Below this line is the material. Write out only its lines from the one containing "K2 K2 Women's Style Composite Ski Pole" through the one containing "Sonic The Hedgehog", both kept, exactly.

** Material for the task **
- - - -

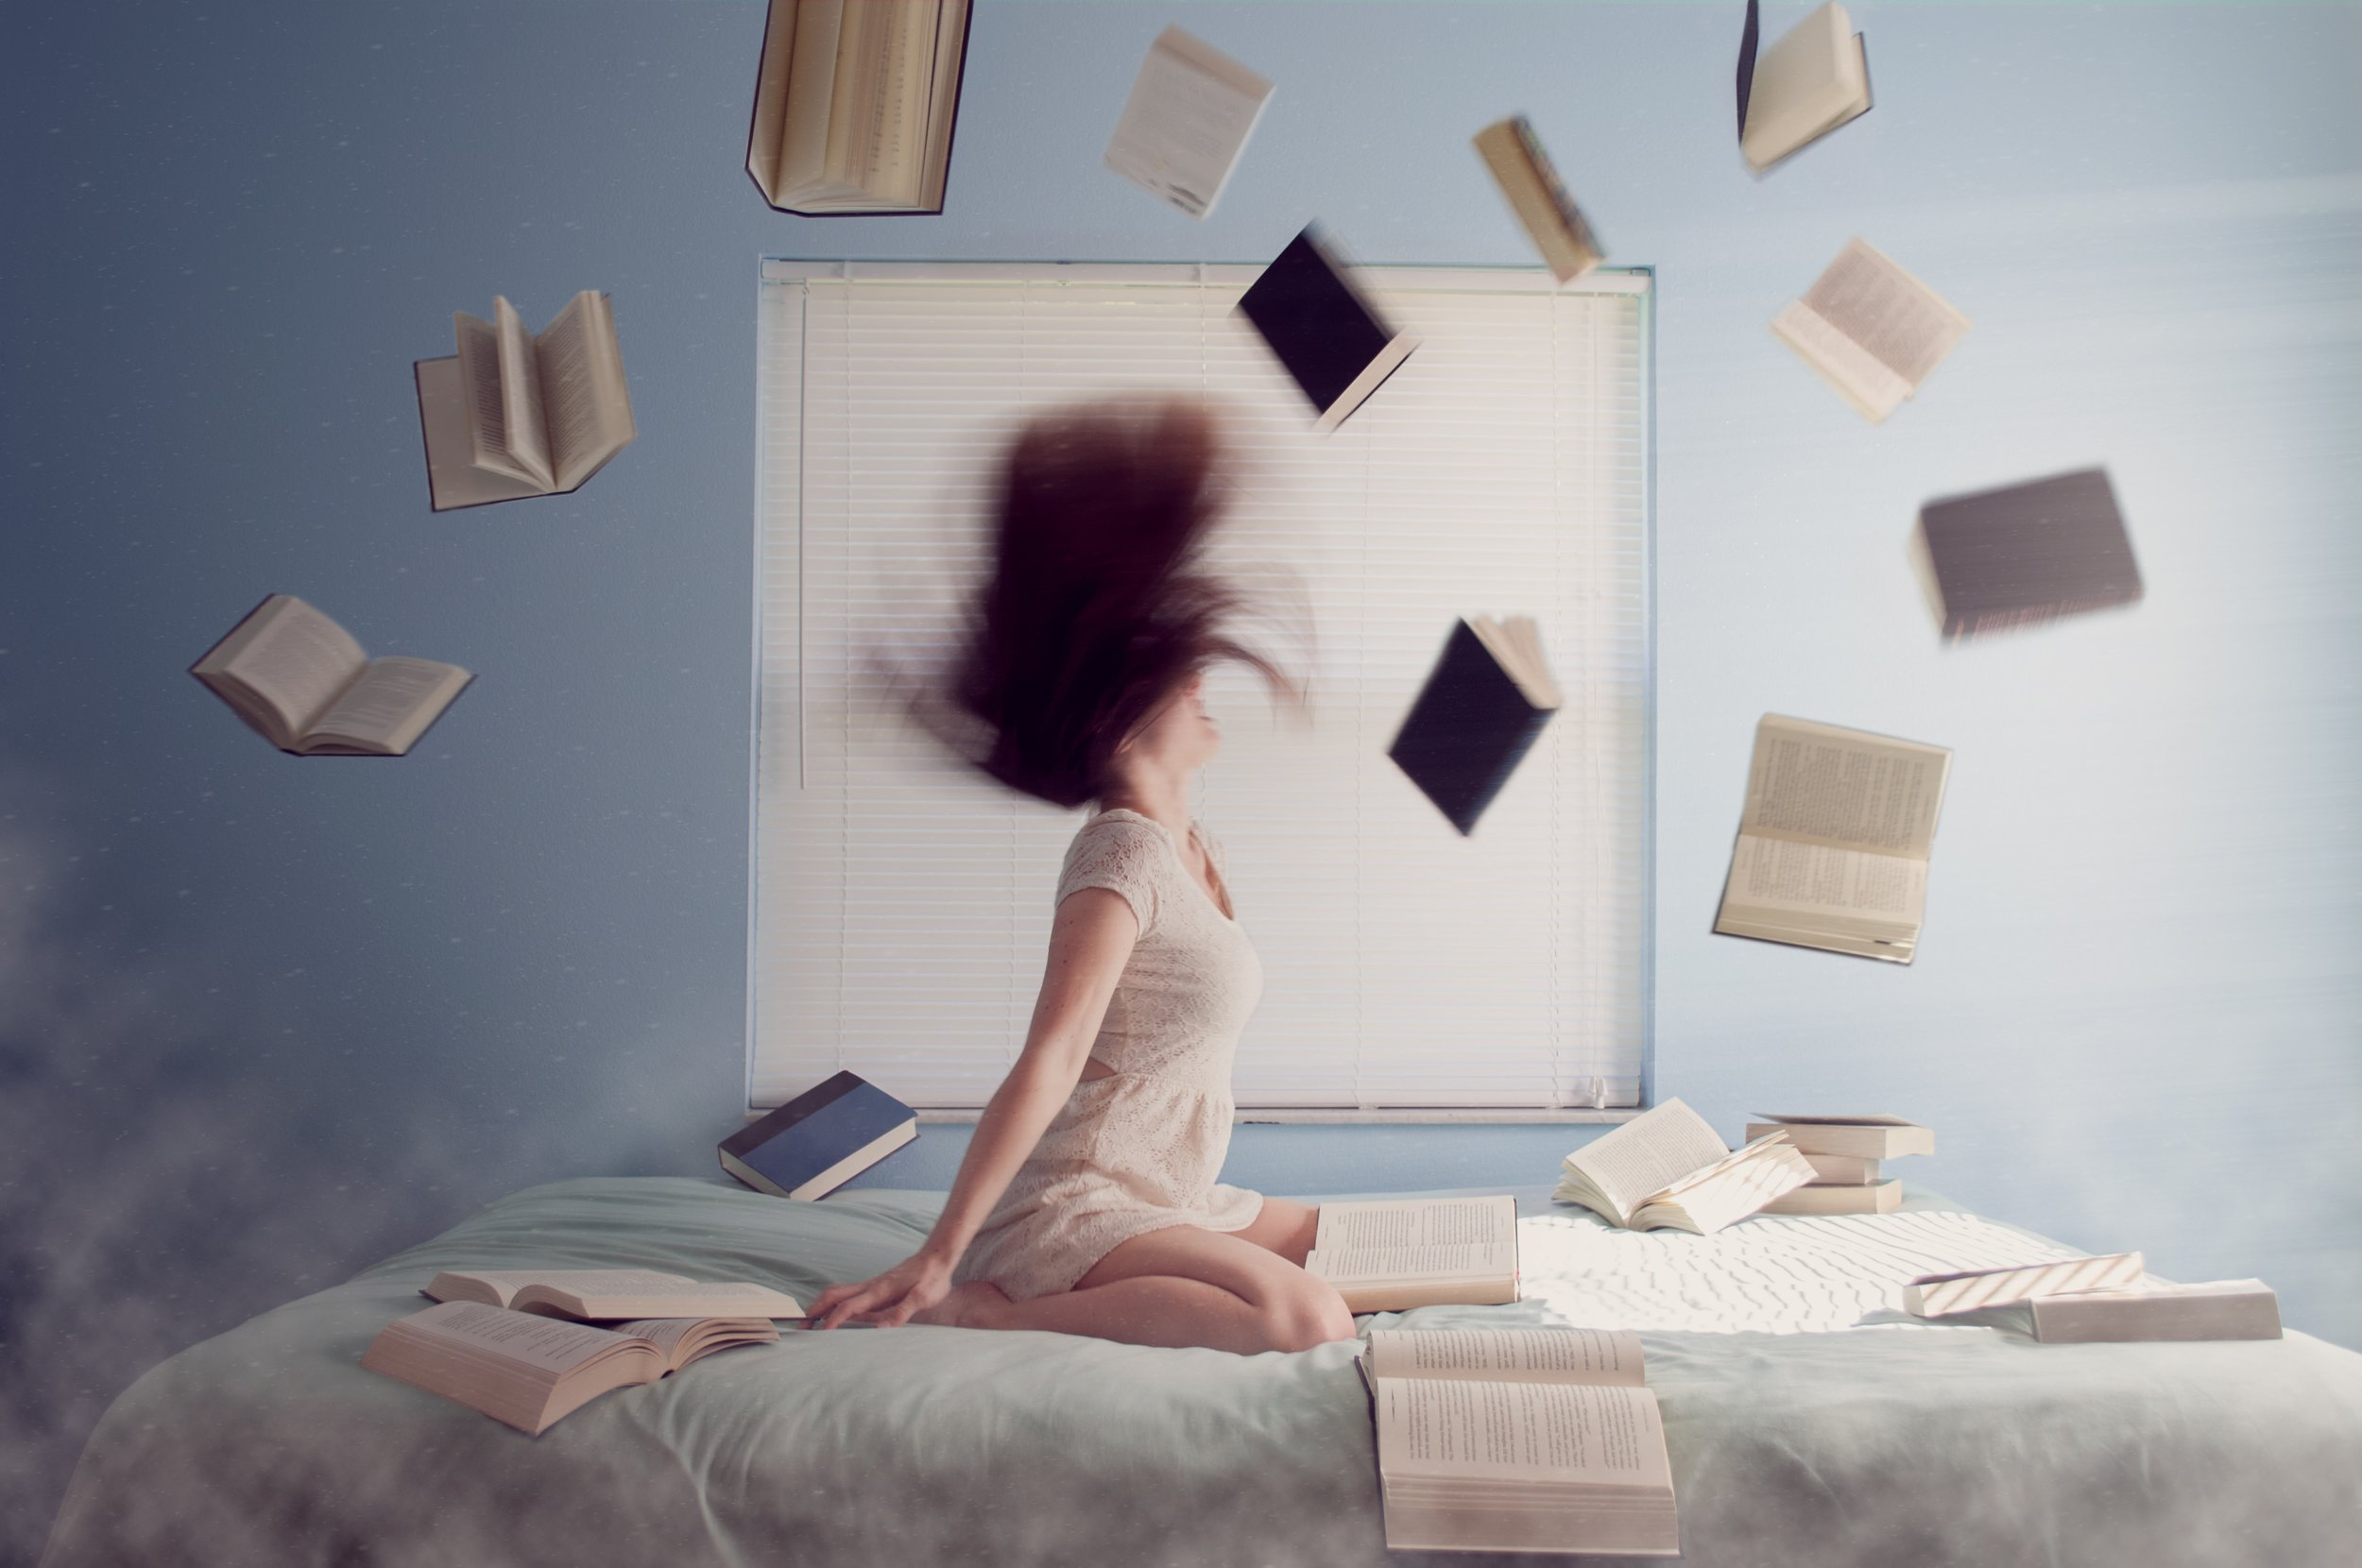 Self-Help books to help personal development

- - - -

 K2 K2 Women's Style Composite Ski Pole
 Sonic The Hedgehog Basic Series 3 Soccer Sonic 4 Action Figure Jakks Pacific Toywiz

- - - -

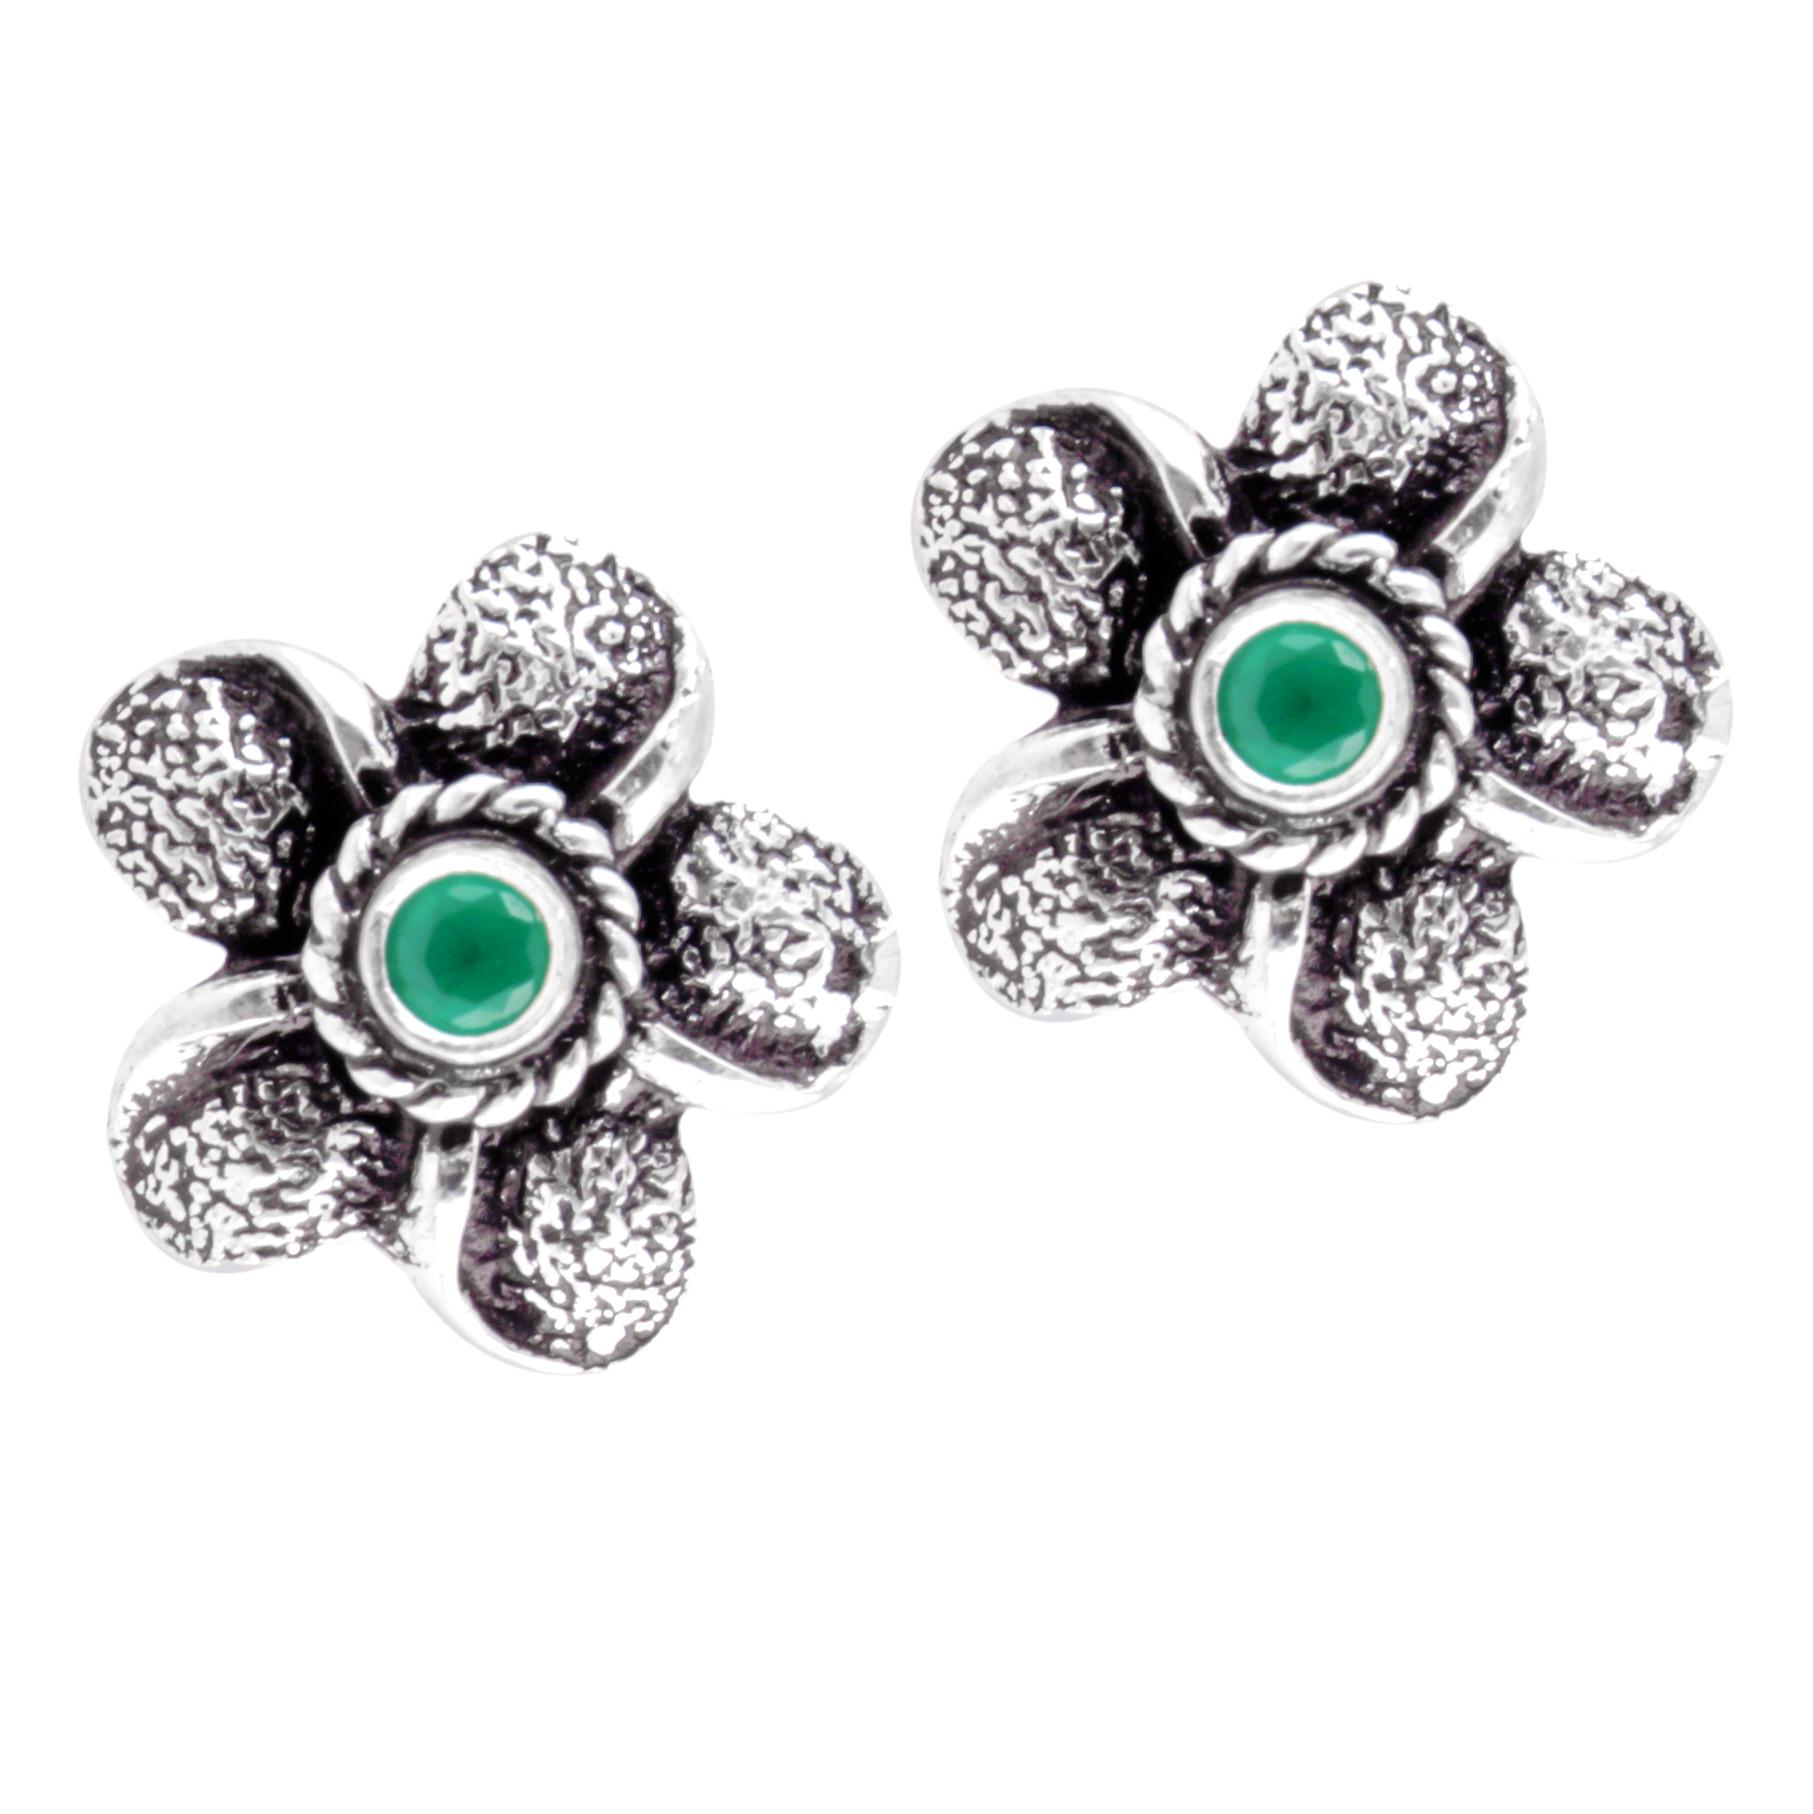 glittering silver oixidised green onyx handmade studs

- - - -

** Result for this exercise **
 K2 K2 Women's Style Composite Ski Pole
 Sonic The Hedgehog Basic Series 3 Soccer Sonic 4 Action Figure Jakks Pacific Toywiz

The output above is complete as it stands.